Coal is fine, it's the EL/kafka intake that seems to be stuck on the old schema.

This is odd. We very intentionally only filter by schema name in our pipeline, not by revision, so that we always consider older versions without needing to fragment the handling at each layer. In addition, we aim that each version is backwards and forwards compatible (we only add optional fields and never tighten restrictions on existing fields).

Reporting of navtiming.fetchStart in Graphite went from 70/min to ~ 1/min:

Screen Shot 2017-09-18 at 16.45.18.png (934×2 px, 220 KB)
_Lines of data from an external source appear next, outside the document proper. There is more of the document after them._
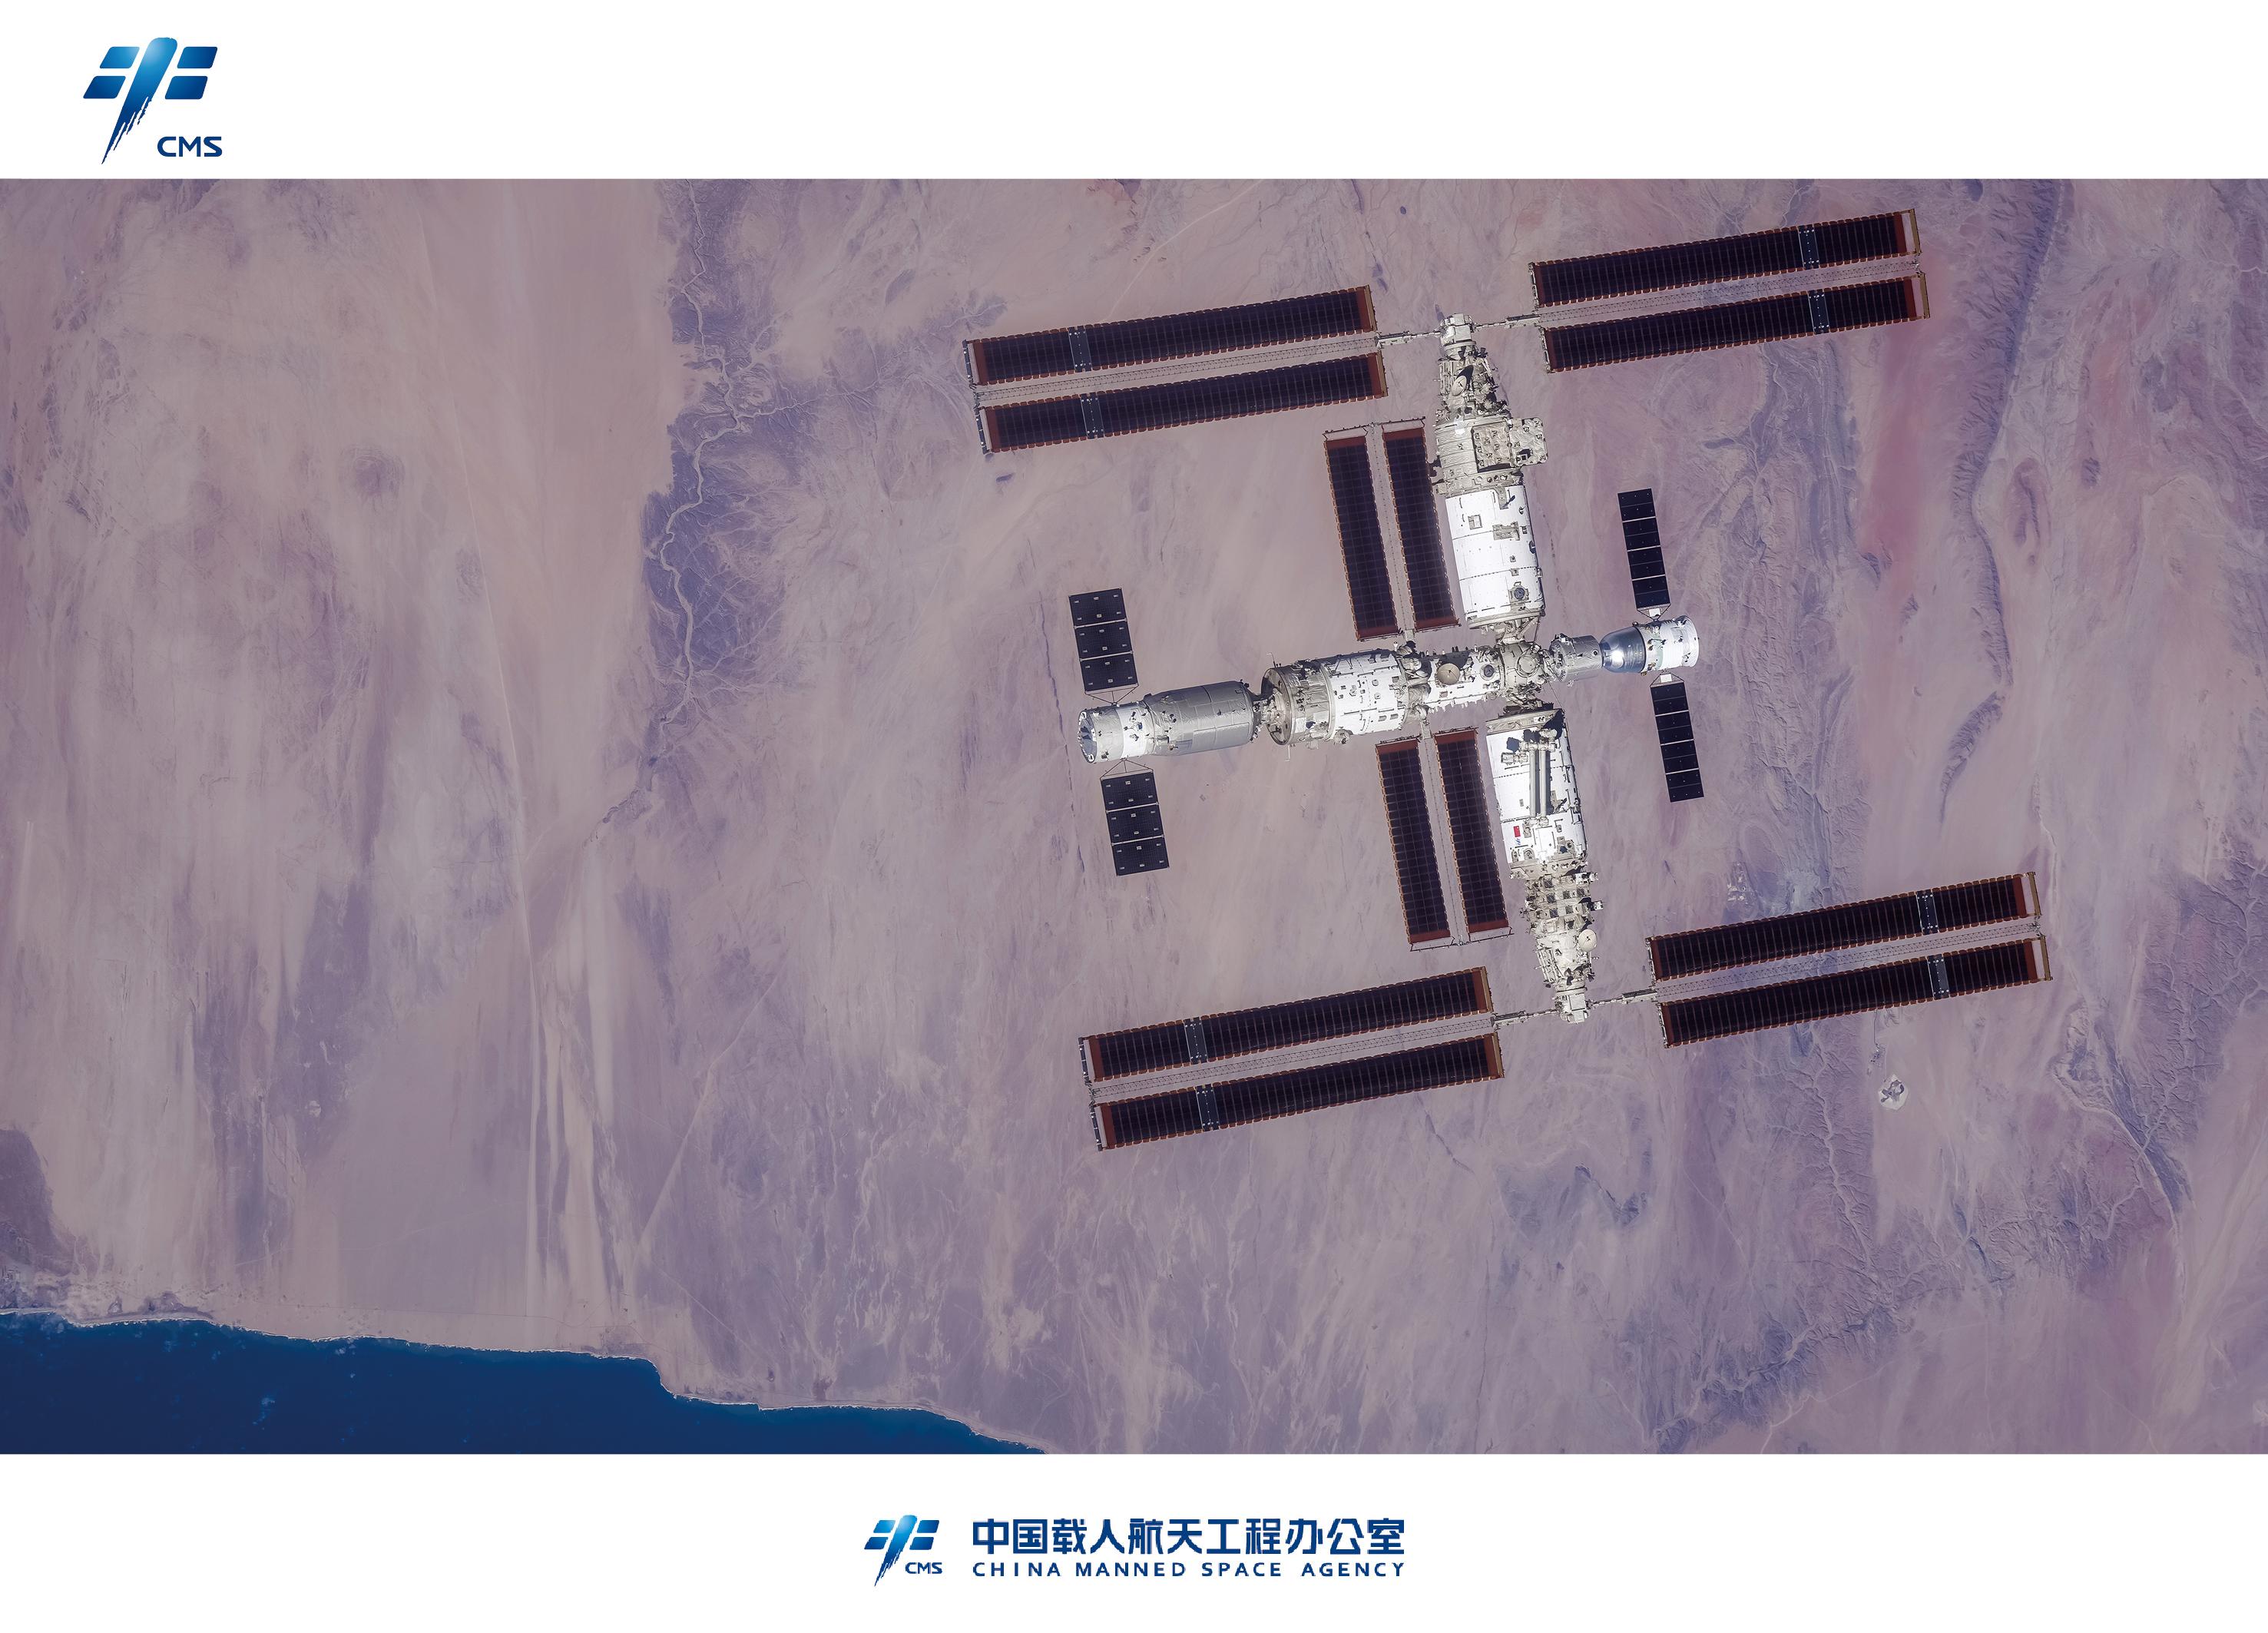 刘易安 的想法: 中国空间站 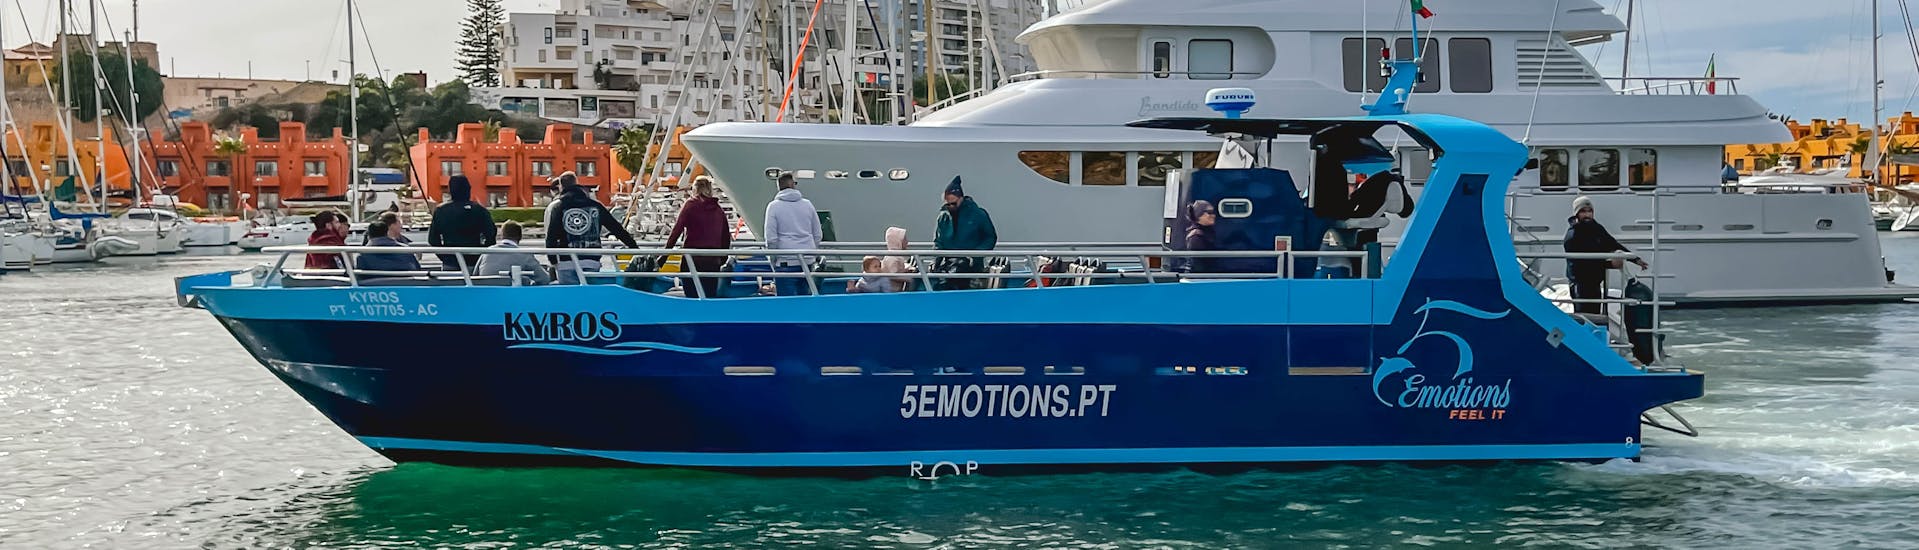 Das Boot von 5emotions Portimão während der Private Bootstour ab Portimão.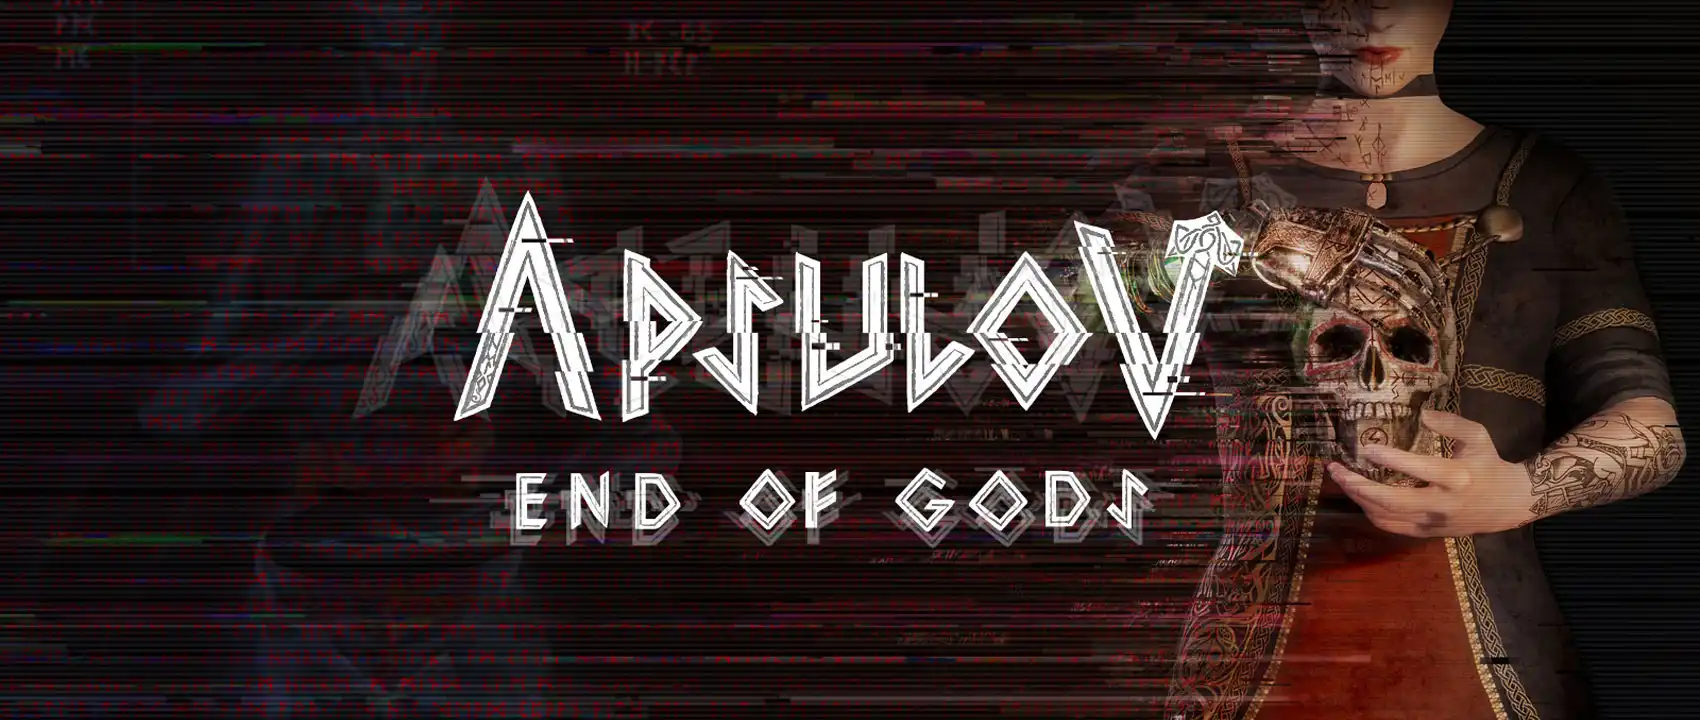 بازی Apsulov End of Gods برای PS4

https://grafana.wikimedia.org/dashboard/db/navigation-timing?refresh=5m&panelId=12&fullscreen&orgId=1&var-metric=fetchStart

Reporting of navtiming.mediaWikiLoadComplete went from 200/min to 30/min:
https://grafana.wikimedia.org/dashboard/db/navigation-timing?refresh=5m&panelId=12&fullscreen&orgId=1&var-metric=mediaWikiLoadComplete

Statistics from Kafka production directly, also impacted, albeit not nearly as much. Went from around 300/min to 250/min.

Screen Shot 2017-09-18 at 16.46.25.png (818×2 px, 423 KB)

https://grafana.wikimedia.org/dashboard/db/eventlogging-schema?orgId=1&var-schema=NavigationTiming&from=now-7d&to=now

https://grafana.wikimedia.org/dashboard/file/server-board.json?refresh=1m&orgId=1&from=now-7d&to=now&var-server=hafnium&var-network=eth0

Screen Shot 2017-09-18 at 16.47.09.png (565×2 px, 177 KB)

Change 378737 had a related patch set uploaded (by Krinkle; owner: Krinkle):
[mediawiki/extensions/NavigationTiming@master] Unbreak navTiming reporting

https://gerrit.wikimedia.org/r/378737

Change 378740 had a related patch set uploaded (by Krinkle; owner: Krinkle):
[mediawiki/extensions/NavigationTiming@wmf/1.30.0-wmf.18] Unbreak navTiming reporting

https://gerrit.wikimedia.org/r/378740

Change 378737 merged by jenkins-bot:
[mediawiki/extensions/NavigationTiming@master] Unbreak navTiming reporting

https://gerrit.wikimedia.org/r/378737

Change 378740 merged by jenkins-bot:
[mediawiki/extensions/NavigationTiming@wmf/1.30.0-wmf.18] Unbreak navTiming reporting

https://gerrit.wikimedia.org/r/378740

Mentioned in SAL (#wikimedia-operations) [2017-09-18T21:18:47Z] <krinkle@tin> Synchronized php-1.30.0-wmf.18/extensions/NavigationTiming/modules/ext.navigationTiming.js: Unbreak - T176105 (duration: 00m 48s)

Krinkle removed a project: Patch-For-Review.
Krinkle added a project: NavigationTiming.